6. The method of claim 5 wherein the dynamic saliency estimation is a static saliency estimation map and the adjacent frames of the original map and the original map, and the dynamic saliency detection network is inputted simultaneously, the three are connected on the channel to obtain the input with the format (A, B, C), and the input with the format enters the convolution operation of the first layer through the following formula:

where W is the weight at convolution, b is the bias term, I_tAnd I_t+1For two adjacent frames, P_tIs I_tA temporally corresponding static saliency image; the convolution and deconvolution operations of the subsequent dynamic significance network are consistent with the network structure of the static significance; through the optical flow comparison of the pixel levels of two adjacent frames, a dynamic high-significance target can be better detected, and the significance recognition accuracy is improved.

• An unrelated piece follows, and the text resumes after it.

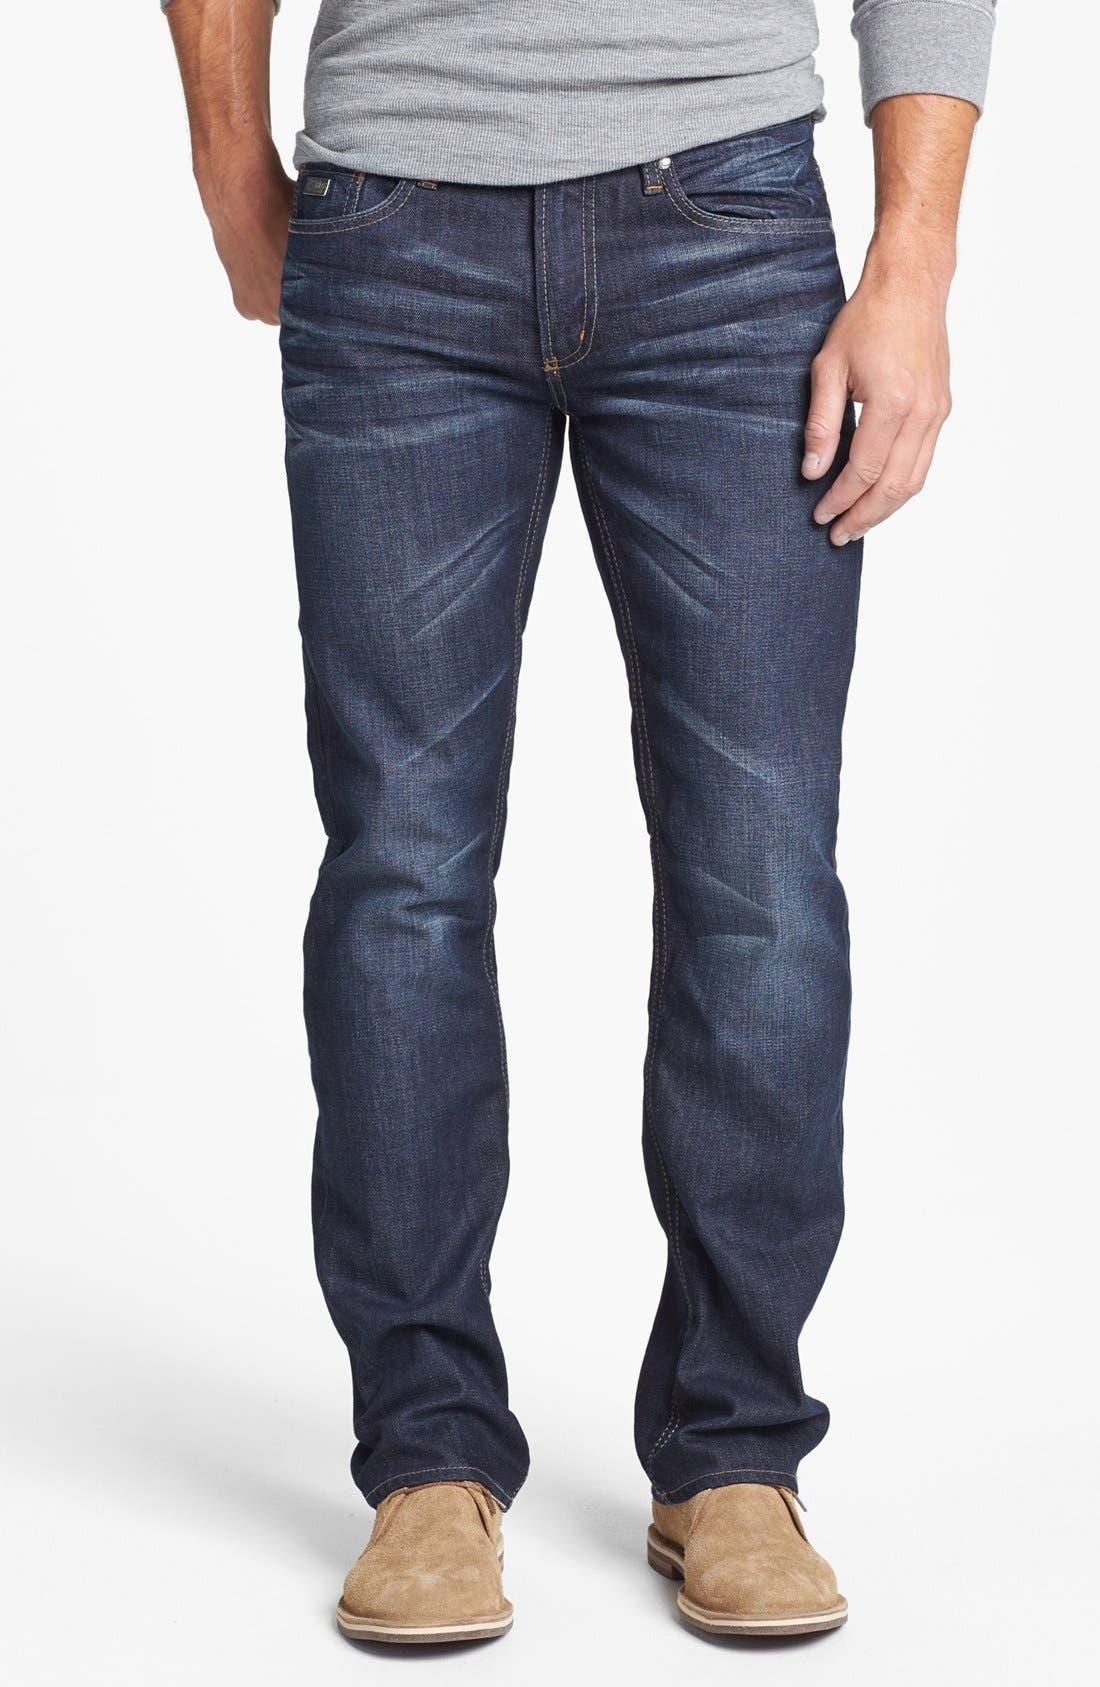 Alternate Image 1 Selected - Buffalo Jeans 'Six' Straight Leg Jeans (Slightly Washed)

7. The method of claim 1, wherein YOLOv4 and significance detection-based headgear wear identification in step 3 is implemented by YOLOv4 dividing each input image into three scale outputs, each scale output corresponding to three prior frames, and the three outputs total nine prior frames for detection;

8. The method for identifying wearing of safety helmet based on YOLOv4 and significance detection as claimed in claim 1, wherein in step 4, in order to effectively distinguish the background part from the moving target part in the image, the model is divided into a static model and a dynamic model, and the static model and the dynamic model are combined with each other to capture the spatial and temporal information of the image simultaneously, and the significance map at pixel level is directly generated through a full convolution network;

9. The method for identifying wearing of safety helmet based on YOLOv4 and significance detection according to claim 1, wherein in step 6, high brightness white in significance estimation is defined as effective target, and black is defined as background; if the white proportion is large, the identified target is a valid target, and the recheck is passed; and if the black ratio is large, the identified target is a background, and the identification result is judged to be false detection.